Nouvelles du festival mandingue

Publié le par le grain voyage

Carnet de route, 4 avril 2009, Bamako / Kéla

 

C'est un Ibrahima bien peu en forme que nous avons retrouvé, un peu désespéré :  « plus de sou » et beaucoup de soucis...

La saison chaude, dure, dure, mauvaise saison pour le tourisme, d'autant qu'il n'a pas eu de grand circuit la saison dernière pour remplir les caisses. Premiers effets de la crise en Occident, une baisse du tourisme? Sa deuxième ressource, la couture dans un atelier de Bamako. Au moment où on le rencontre, il va à l'embauche, mais pas de travail : des commandes qui n'ont pas été payées, et des travaux que lui avait réalisé pour son compte qu'il n'a pas réussi à vendre...

 

Ceci dit, il a été très content de recevoir les graineurs, Coutie et Maël, ainsi que David et son fils. Les ressources apportées par le campement permettent de couvrir les frais de fonctionnement (location du frigo gaz à 50 000 FCFA par an) et donc de faire travailler quelques personnes : femmes du village qui remplissent le château d'eau, son frère Modibo, handicapé, qui s'occupe du bar, une cuisinière, sans compter les musiciens griots qui jouent ou proposent des stages aux touristes.

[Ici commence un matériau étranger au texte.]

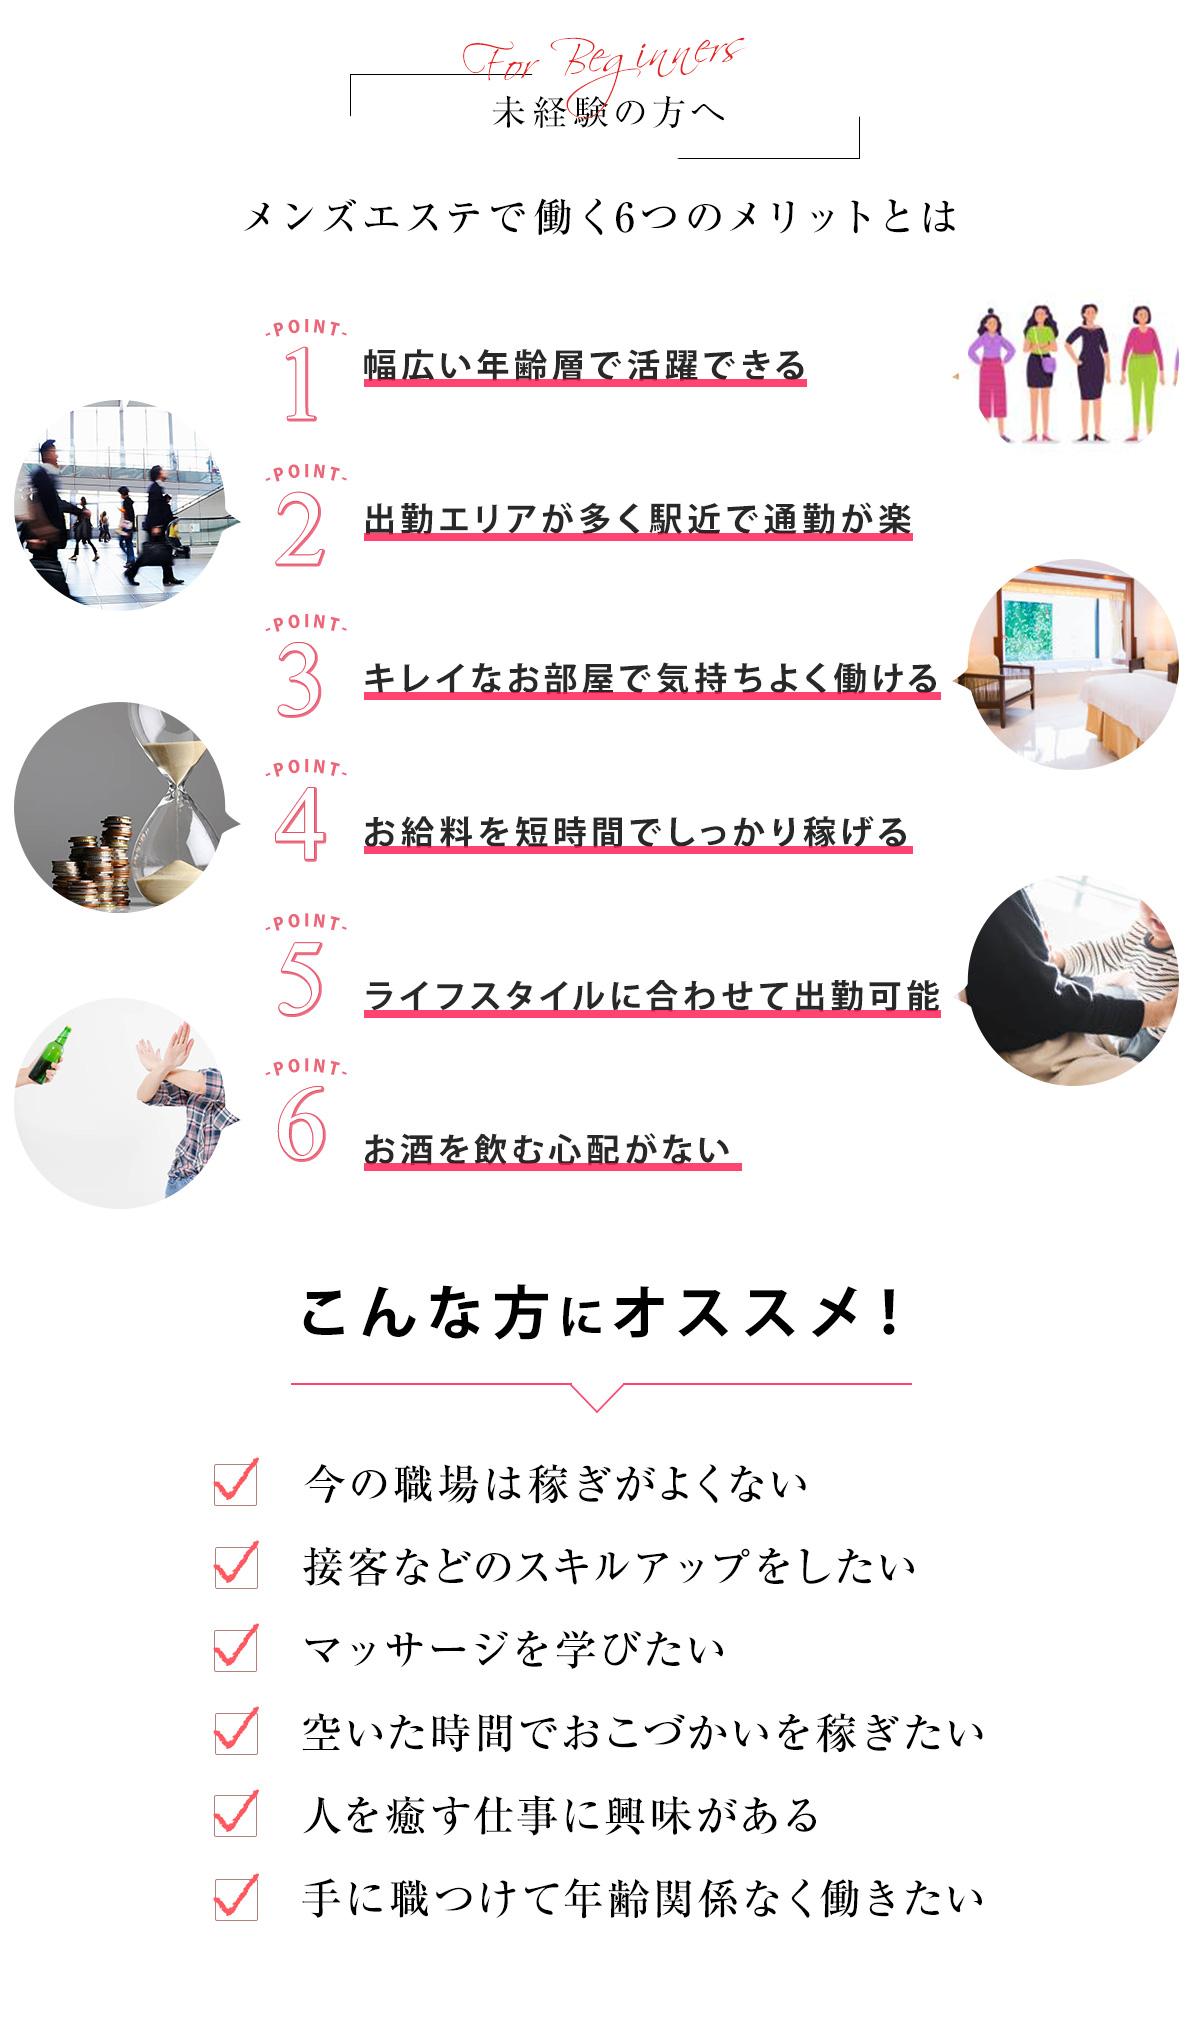 大阪、北新地の高級メンズエステ「アロマジュエル」

Depuis notre dernière rencontre en 2008, il a investi dans des latrines, une cuve à eau en plastique pour les douches et a réalisé un site web. Une famille venue en vacances à Kéla lui a laissé une voiture, ZX, qui sera une ressource pour lui pour diminuer les coûts de déplacement de touristes dans l'organisation de ces futurs voyages. En attendant, elle ne peut pas rouler puisqu'il faut régler le dédouanement. Sans se papier, il lui faudrait bakshisher très cher pour circuler.

 

En ce moment de crise, il retournerait bien au village se ressourcer. A Bamako, sans pouvoir se déplacer, sans travailler, il n'y a pas grand intérêt à être sur place. Et pourtant, difficile de retourner au village en venant de la capitale, sans un sou en poche. S'il y laisse la voiture, il sera sollicité pour transporter des personnes, servir d'ambulance ...

 

Toujours attaché à son festival, il n'a hélas pas eu les ressources financières cette année pour organiser une nouvelle édition. Il a préféré investir l' argent qu'il avait mis de côté, ainsi que la vente de sa moto, dans les soins médicaux pour son meilleur ami, qui souffrait de calculs rénaux.

 

La dernière édition date donc de février 2008, ou un groupe de 7 italiens ont pu profiter des animations musicales, théatrales, proposées par les familles de griots de Kéla. voir le programme qui avait été édité pour l'occasion. Pour 2010, il a un groupe prévu en janvier. Il pense se servir des recettes qu'ils dégagera de ce voyage pour investir à nouveau, sur ses fonds propres dans une nouvelle édition.

 

Constituer une association ne semble pas d' actualité. D'autant que nous apprenons, au fil de notre voyage, que pour obtenir ce papier officiel, c'est un véritable parcours du combattant...

 

Toutes les démarches auprès des ministères, des élus locaux dont il était question lors de notre précédent voyage en 2008, n'ont abouti à aucune subvention. Il dit ne pas avoir les « ressources intellectuelles » et n'a trouvé aucune aide dans les différentes administrations pour constituer son dossier. Ce sont ses amis toubabs, une belle soeur hollandaise qui l'ont aidé, à chaque fois dans ses démarches et dans la rédaction.

 

Nous abordons la problématique de l' argent. Il tient toujours autant à la gratuité de son festival, condition imminente pour que les populations viennent. Nous essayons d' avancer l'idée que des répercussions économiques se jouent aussi sur un tel événement : les femmes vont vendre des repas, les musiciens vont gagner des cachets, la toute petite épicerie locale vendra des biens de petites consommation, les agriculteurs des produits de leur jardin, les pêcheurs leurs poissons...

 

Est-il pertinent ici de demander à la population de Kéla, très pauvre, dans un village où il n'y a pas l'électricité, où le dispensaire n'est que très peu équipé, de se cotiser également pour que la prochaine édition puisse avoir lieu?